To be in line with other law schools, in the Fall of 2009, New York Law School switched from a B- grading curve to a B grading curve.  Theoretically, the new B curve allows professors to give out higher grades to more students than under the old B- curve. This theory is largely supported by grade distribution trends following the curve change.  Distribution trends show a very real and a significant rise in higher grades since Fall 2009.  This is not a coincidence!      

The evening division students graduating this year were subject to the old B- curve for the Fall 2008, Spring 2009 and Summer 2009 semesters.  Therefore, out of 86 credits required for graduation, between 23 - 27 credits (26.7% - 31.4% of our cumulative G.P.A.) were graded under the lower B- curve.   

This is an issue because, for purposes of ranking and Latin honors, graduating evening division students will be compared to the day division students.  The comparison will be based on cumulative G.P.A., despite the fact that 26.7% - 31.4% of evening division students' cumulative G.P.A. was subject to a lower B- curve; once again, graduating day division students were NEVER subject to the B- curve!  Because the new curve statistically allows for an overall larger number of higher grades, day division students' cumulative G.P.A.s are statistically higher due to this artificial change.  Therefore, it is unjust to compare the two divisions based on G.P.A. numbers without taking corrective actions.

How this affects us:

However significant, in 2012, the disparity in grading will be amplified tenfold (i.e. app. 60:608, day: night student ratio).  It's widely known that NYLS enrolled an unprecedented number of students in Fall 2009.  According to a New York Times Article, a total of 736 students were accepted, 171 more than the previous year. Out of these 736 students, 608 were accepted to the day division. With the evening division increasing by only 10 people, this 30% increase in the student body is mainly attributable to the day division with whom we are about to compete for rankings.  The New York Times Article points out that, besides Cooley Law School, this is the largest entering law school class in the country. 

In 2012, roughly 60 evening division students will be compared with the graduating "bulge" day division class, none of whom were EVER subject to the lower grading curve.  Thus, not only will day division students benefit from 100% of their G.P.A. graded under the B curve, but the number of day division students with the higher “artificial” G.P.A. results in them being ranked ahead of evening division students.   

What is being done about this?

New York Law School’s administration is reluctant to make any numerical changes to our first year's G.P.A.  Not only did the administration fail to foresee this issue when the switch was implemented, but (to save face) the administration continues to deny the obvious fact (and the very reason the curve change was implemented in the first place) that our law school’s unilateral decision to switch from a B- to a B grading curve disadvantages evening division students when we are compared with day division students. 

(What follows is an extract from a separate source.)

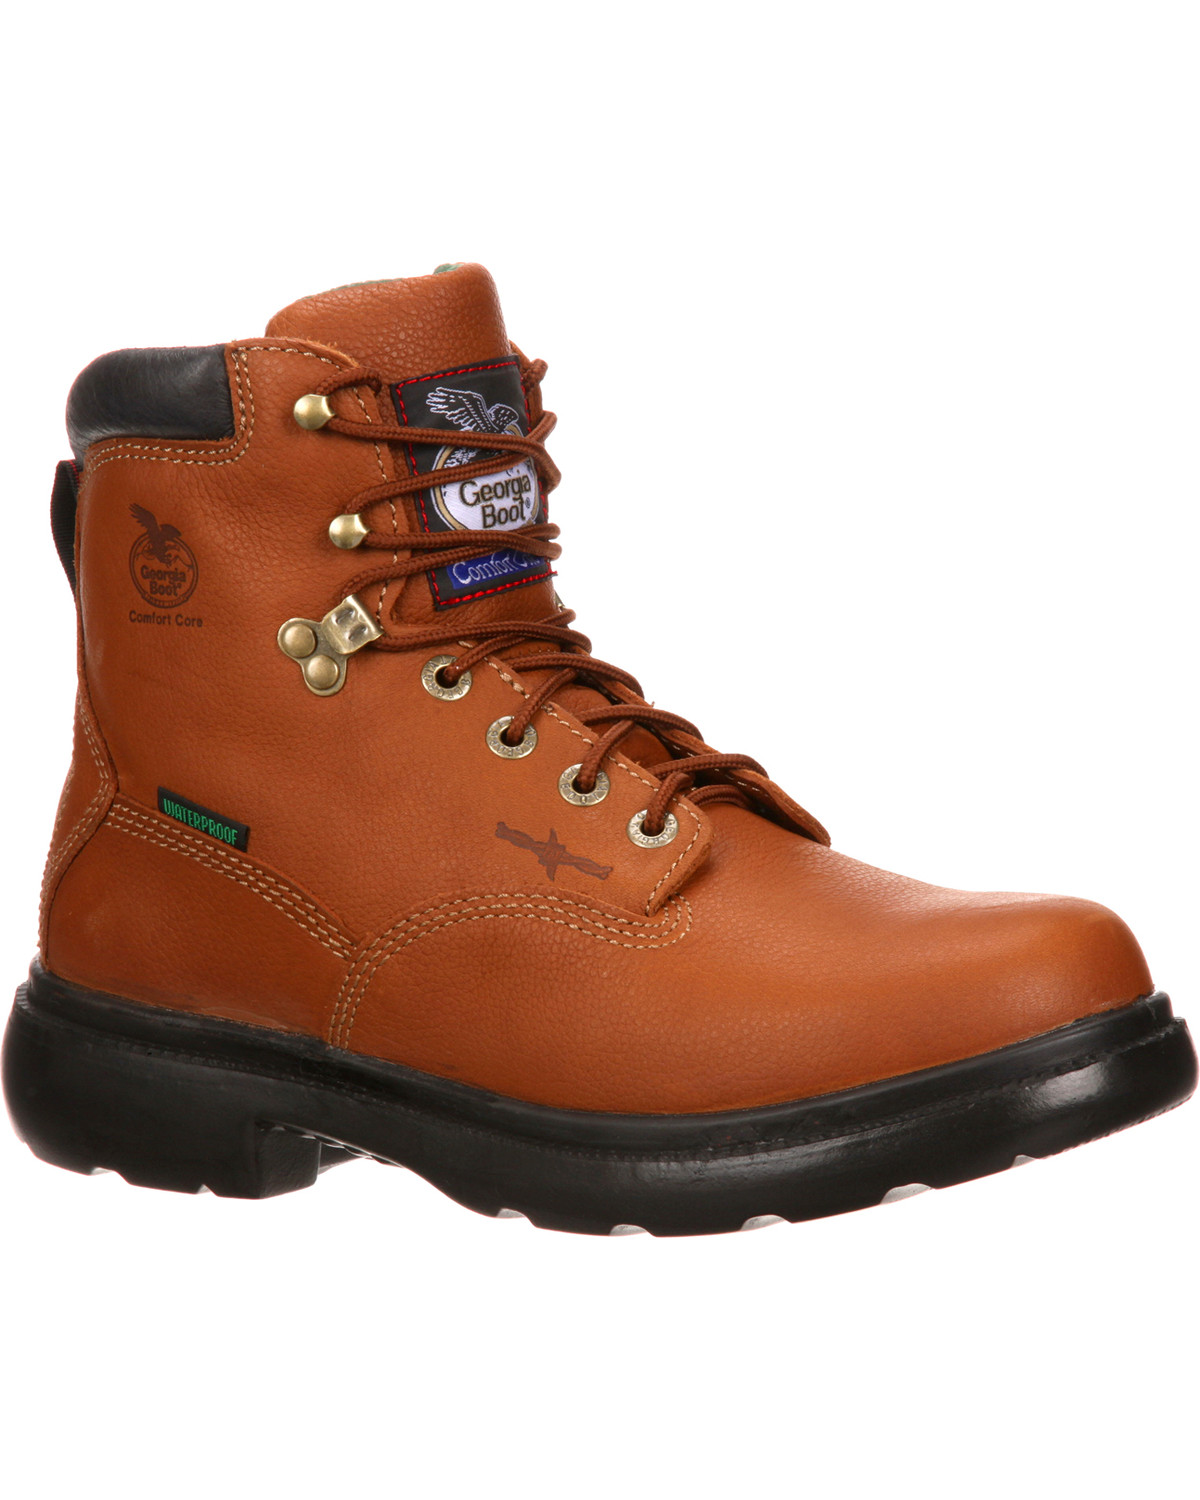 Georgia Boot Men's Farm and Ranch 6" Waterproof Boots

The position that was articulated by Dean Buckler is that a notation may be placed on our transcripts to acknowledge this disparity.  Clearly, this will do nothing to remedy the effect on ranking. Moreover, in the midst of denying any adverse effect, the administration solicited proposals on how to rectify this situation, thereby shifting the burden onto the students to remedy the administration’s lack of foresight.  Needless to say, all proposals submitted to the administration were met with stark opposition.  After some of us brought this issue to light, the administration is unwillingly considering it, but it's unlikely that anything will be done.     

NYLS must take corrective action!

All students should be treated equally!  Adjusting our first year’s G.P.A. is the only acceptable method of equating us with the graduating day division students this year. NYLS administration must treat the evening division students on par with the day students. Otherwise, the school should be subject to public reprimand!  

We ask you to:

If you agree that equity requires adjusting evening division students' first year's G.P.A., please sign this petition.  It will be forwarded to the administration when a significant number of signatures is collected.  This issue is extremely time sensitive.  Please participate as soon as you are able.    

Thank you.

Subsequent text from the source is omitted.